* Exercise goal
Leaving out all pictures, write down exactly the lines from the one containing "sarah johnson cabbage" through the last line of the material.

* Data shown

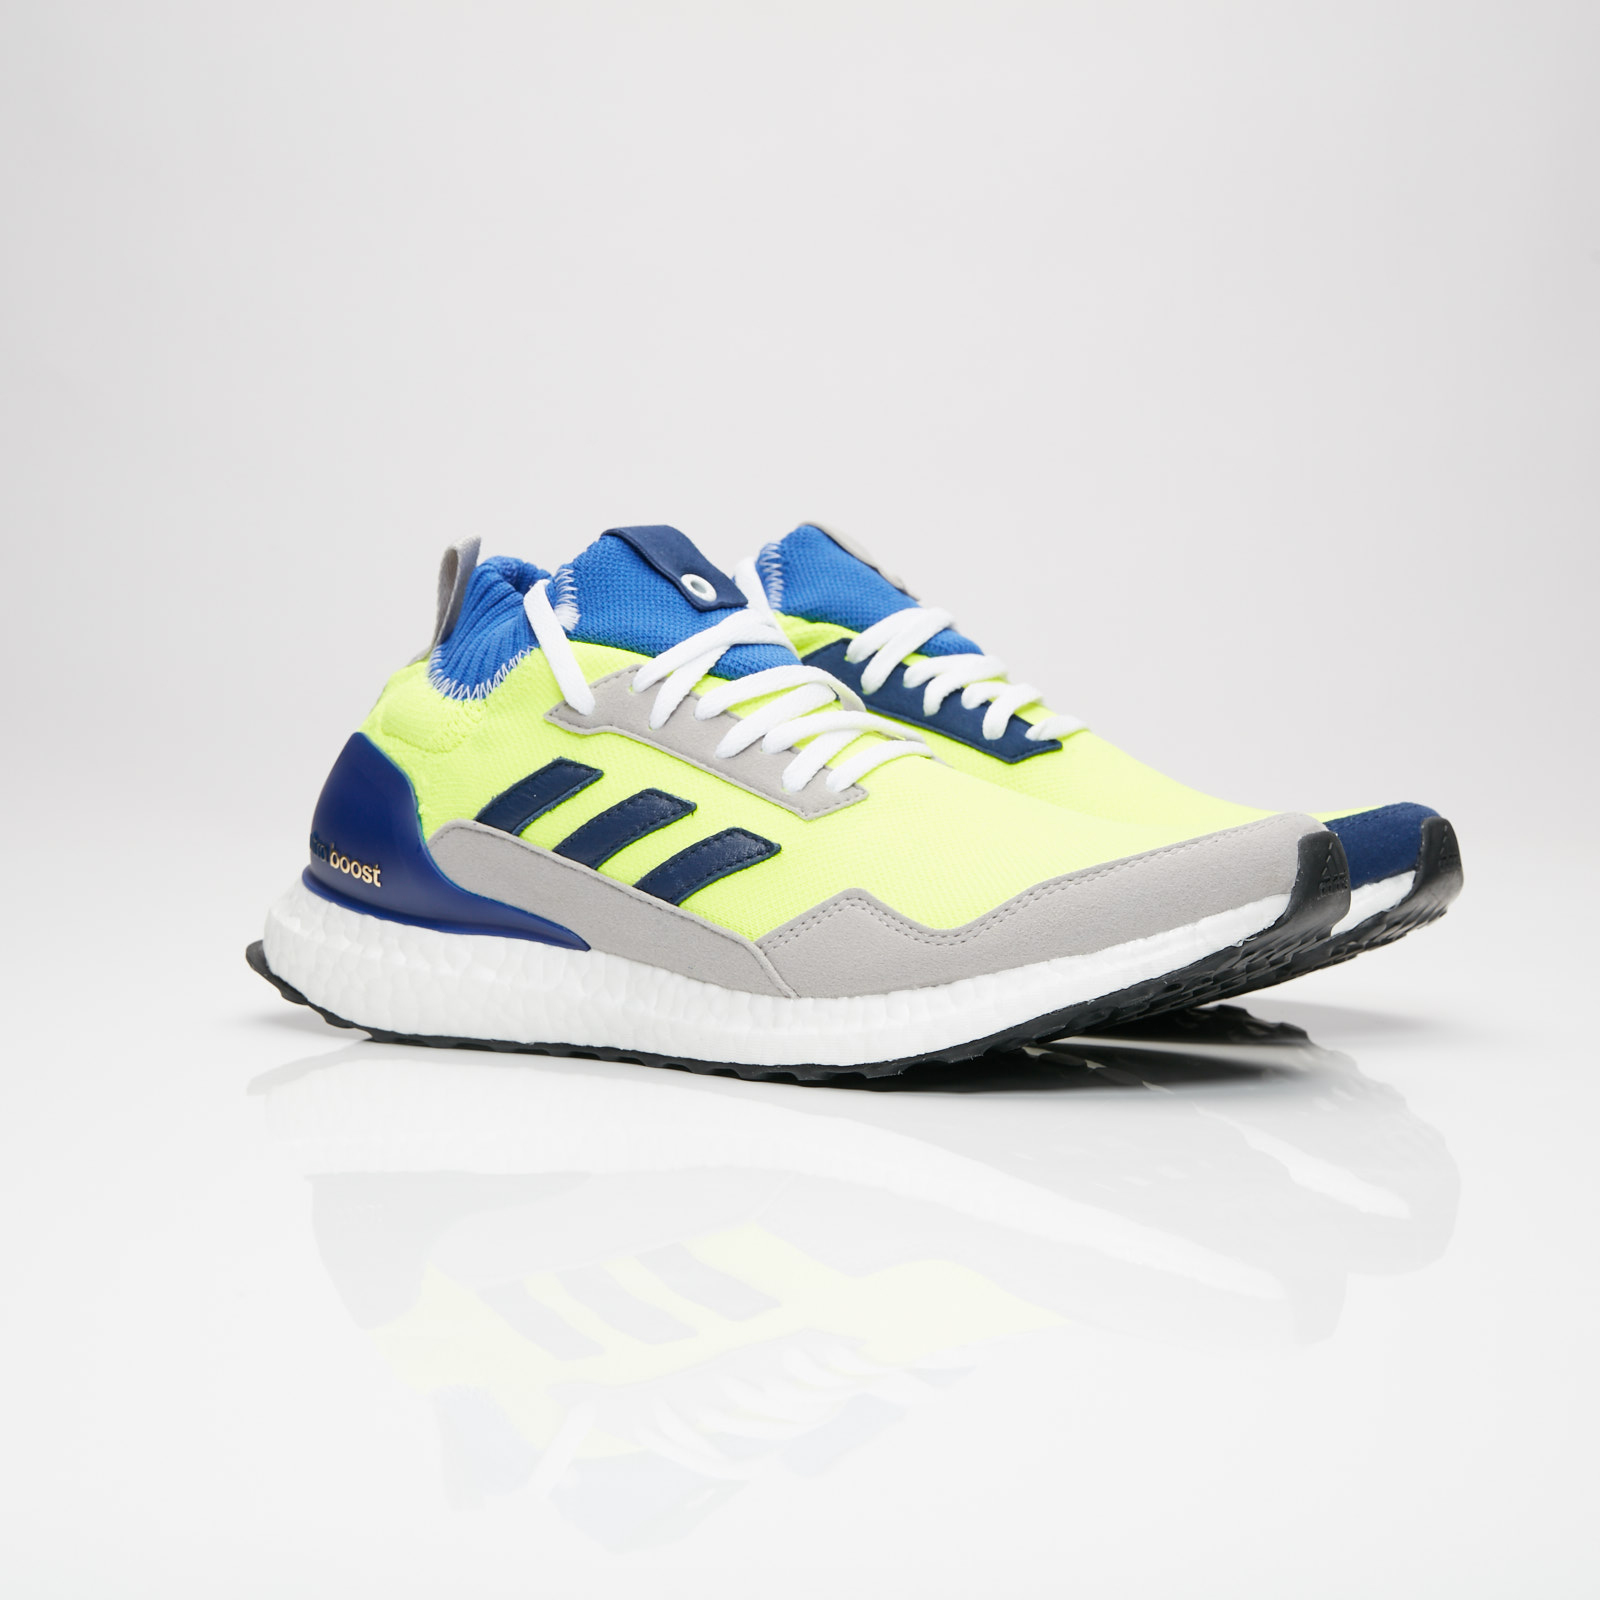 aebeb7b3c adidas Ultraboost Mid Proto - Bd7399 - Sneakersnstuff
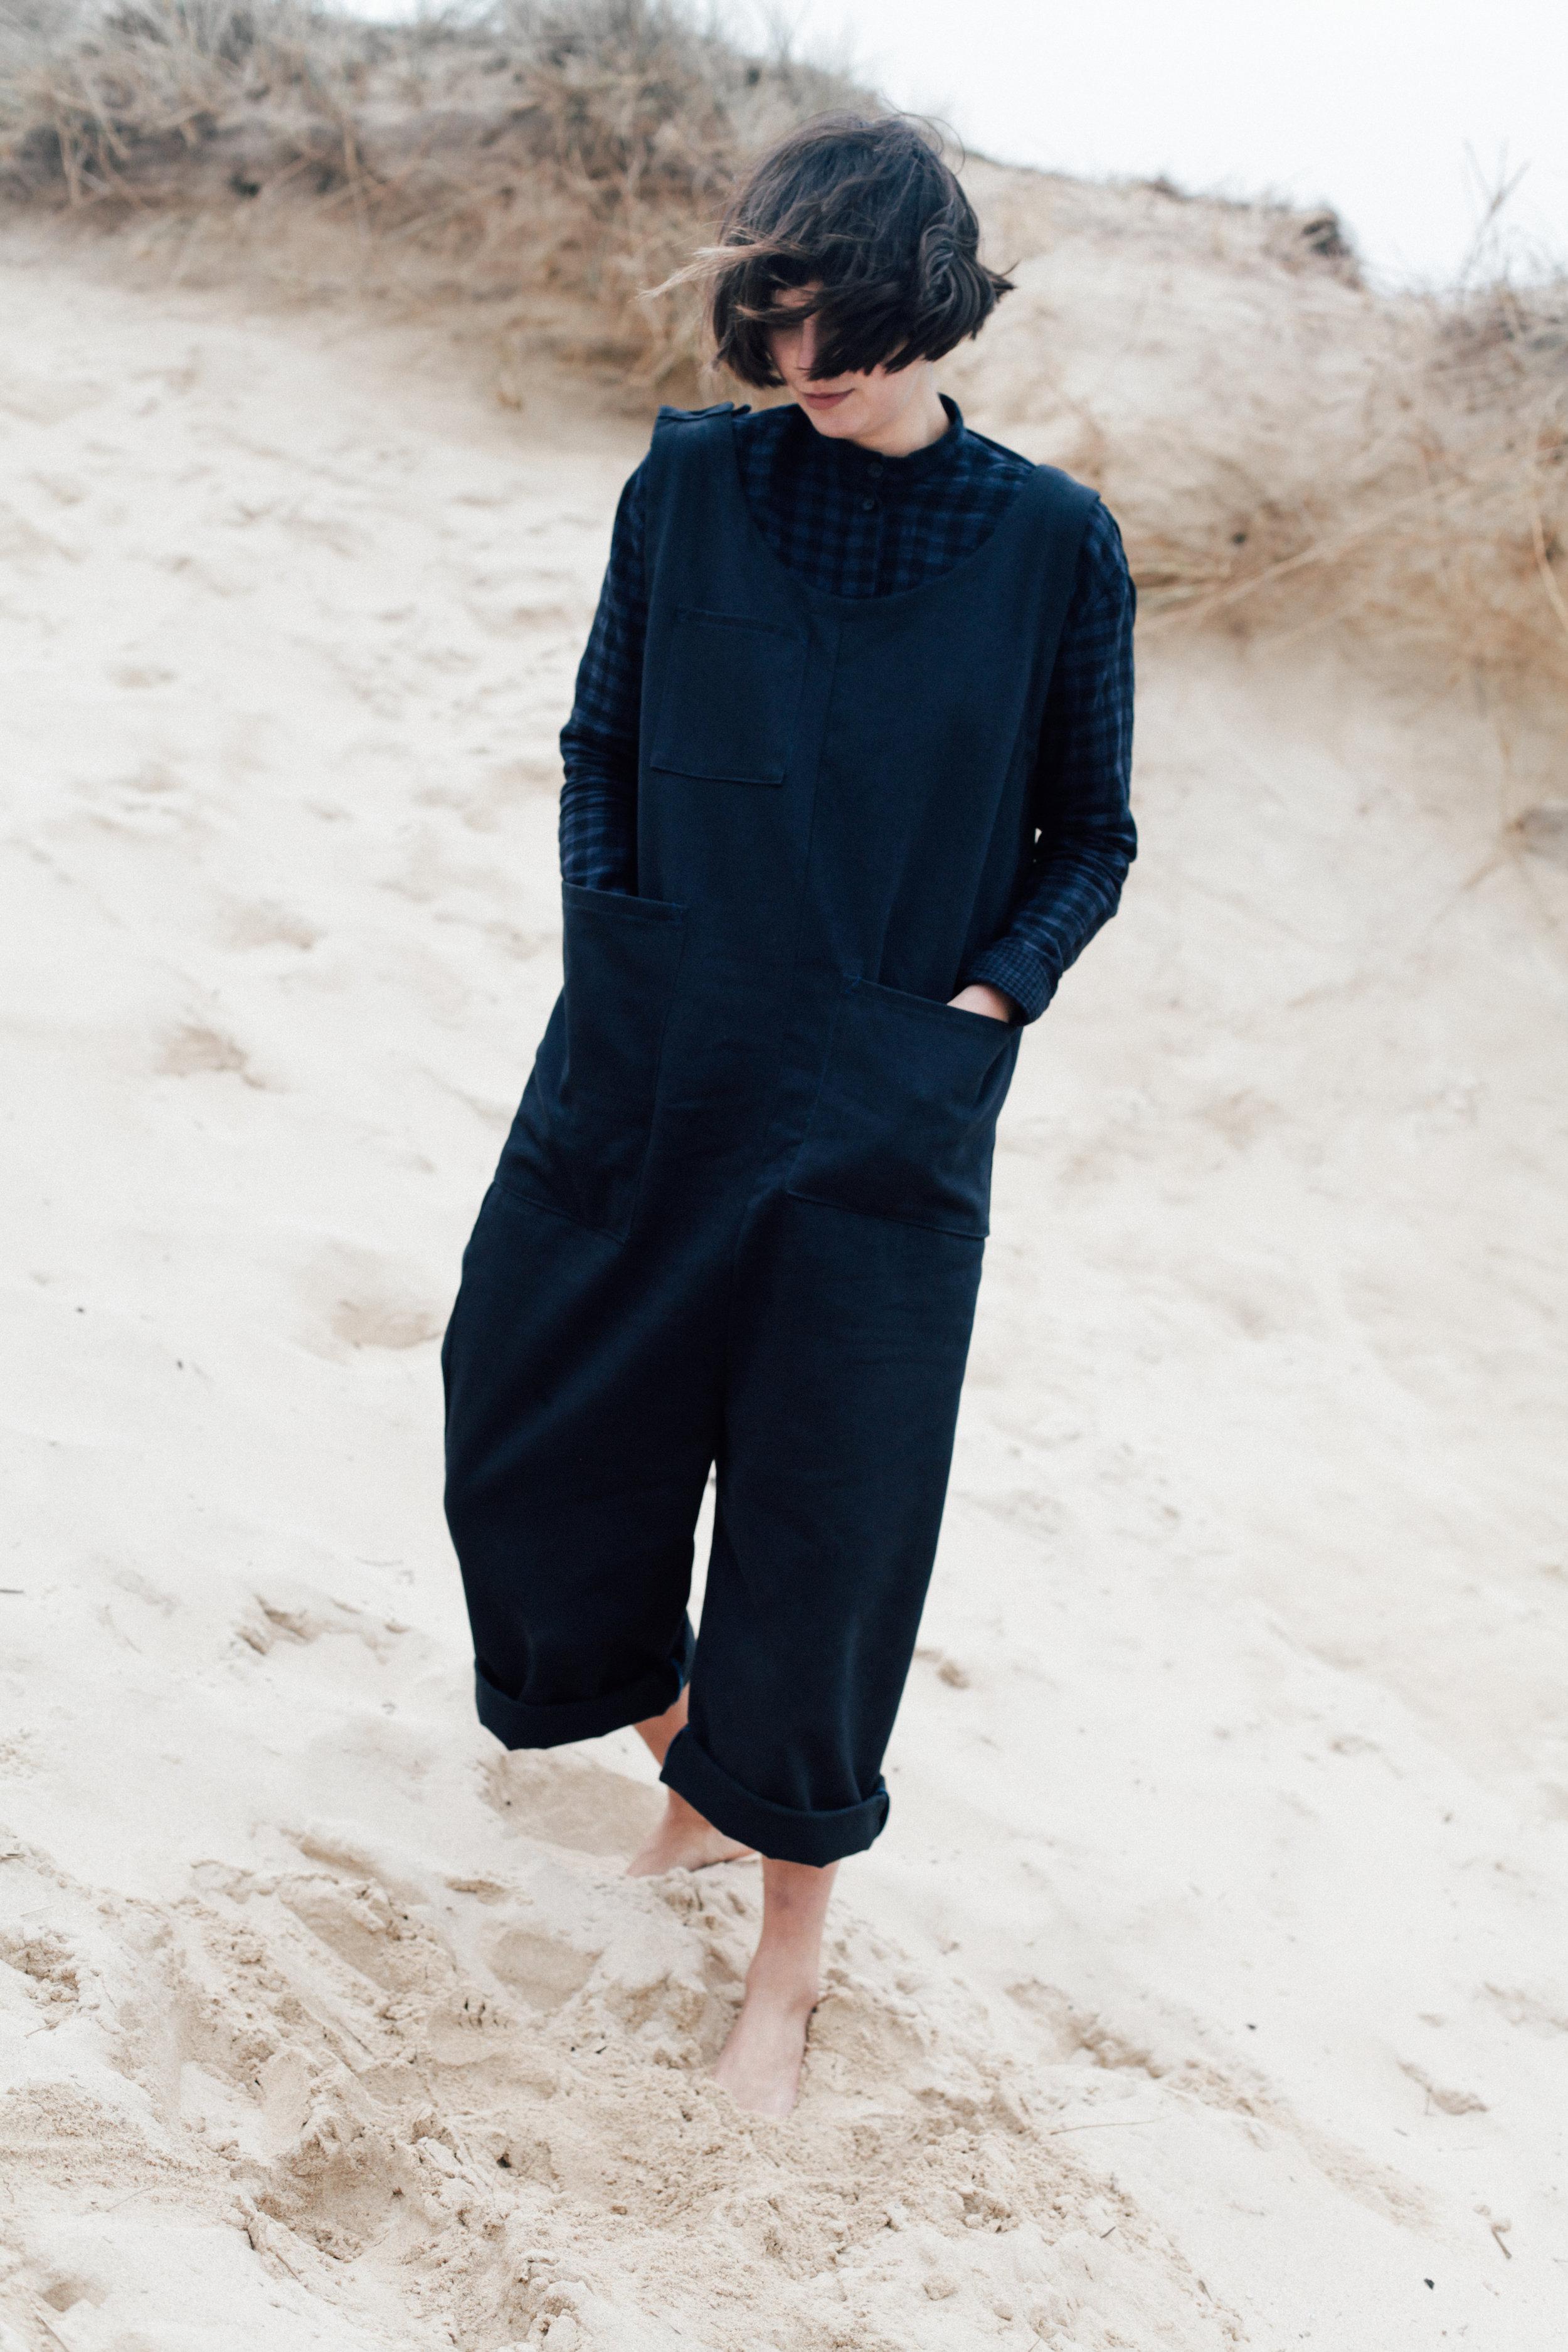 sarah johnson cabbage blue indigo clothing cast cornwall folklore
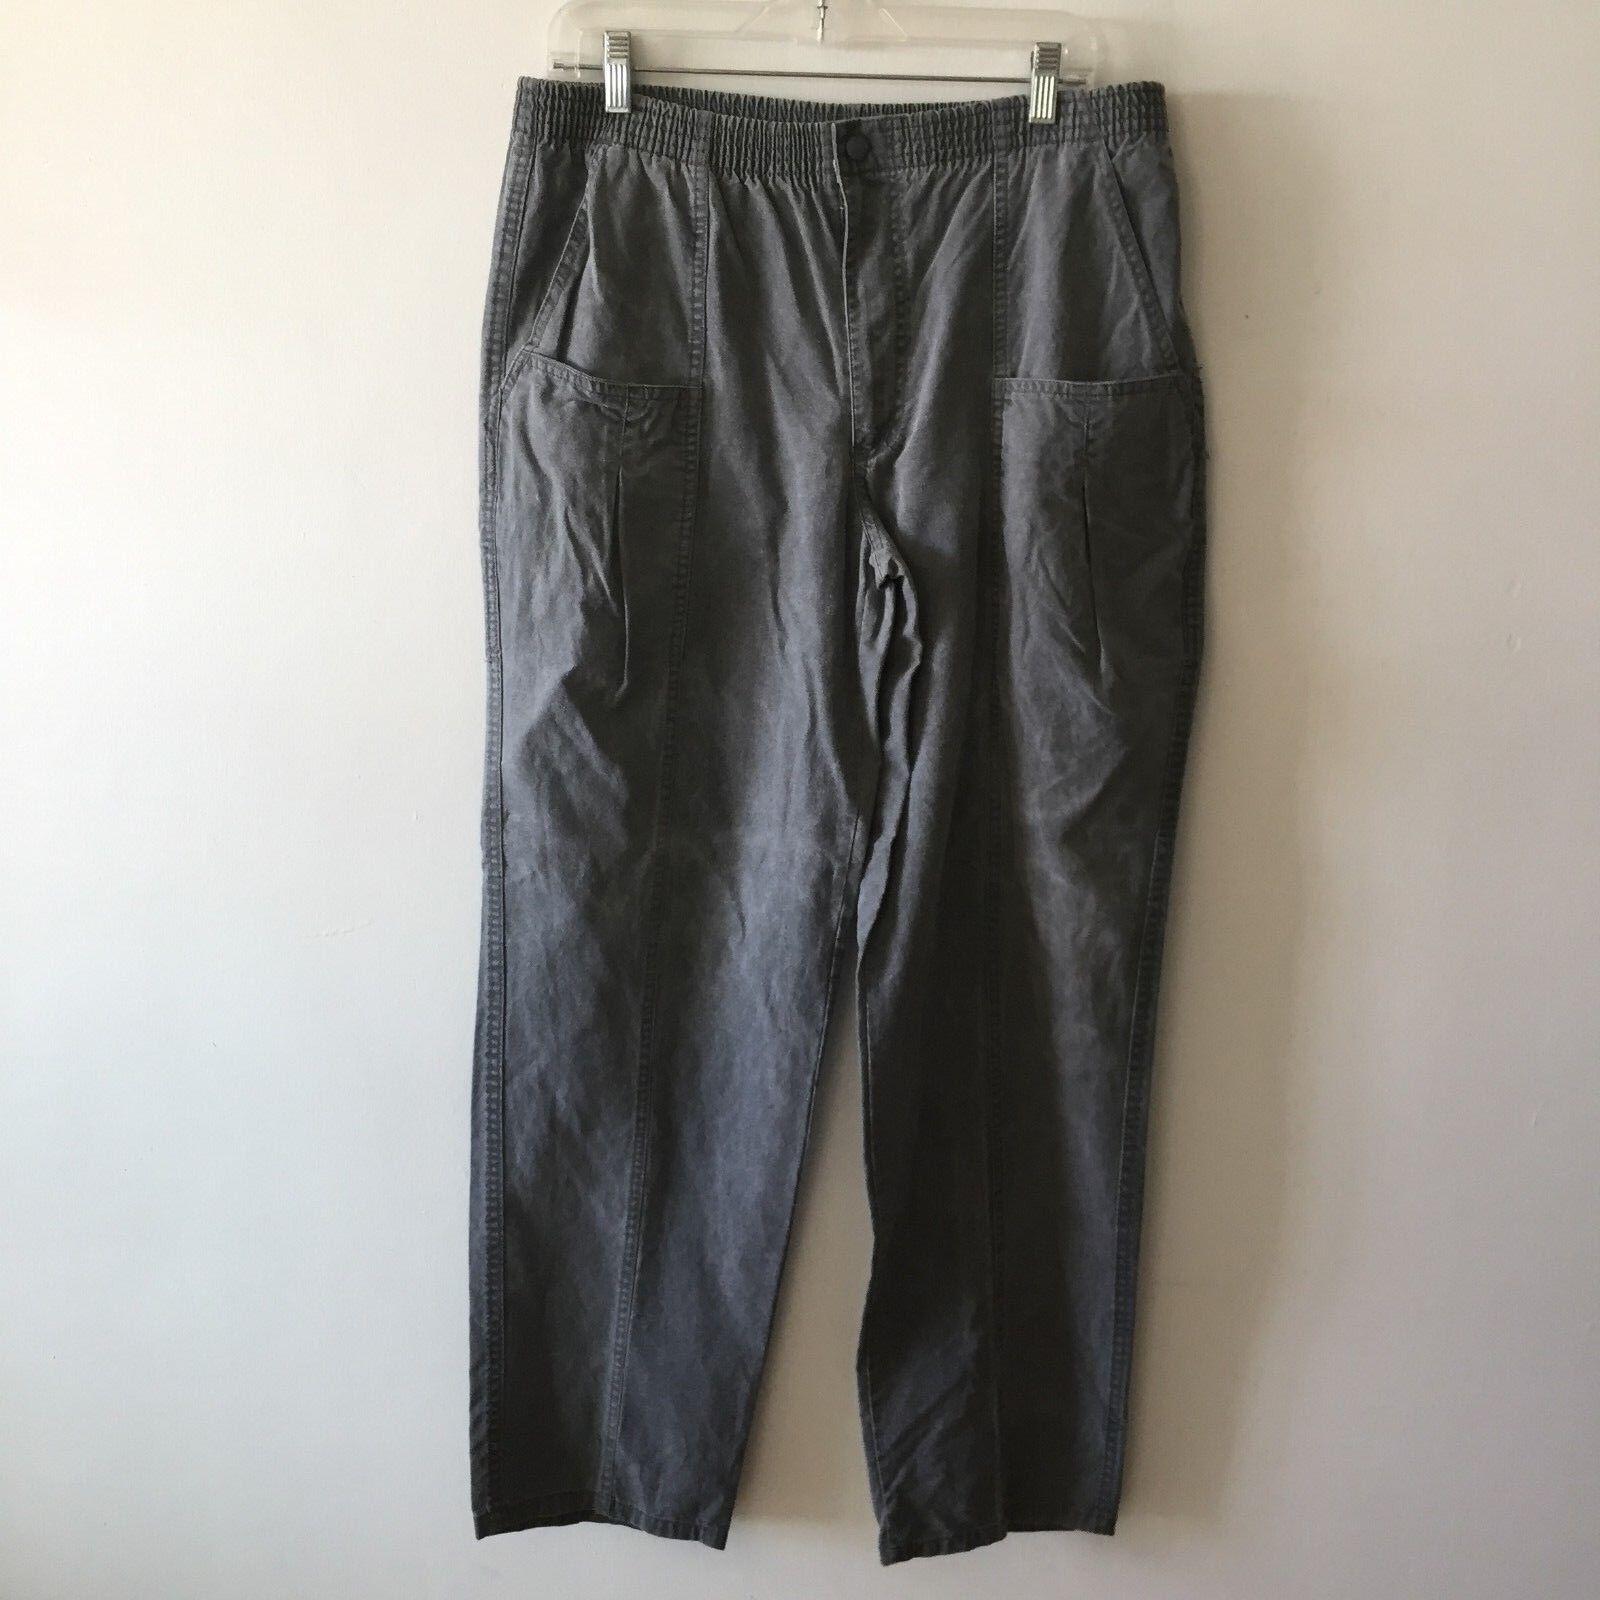 Ocean Pacific OP Vintage Lounge Pants Jams Cargo Elastic Stretch Men's 34

* Response to the task
 sarah johnson cabbage blue indigo clothing cast cornwall folklore
 Ocean Pacific OP Vintage Lounge Pants Jams Cargo Elastic Stretch Men's 34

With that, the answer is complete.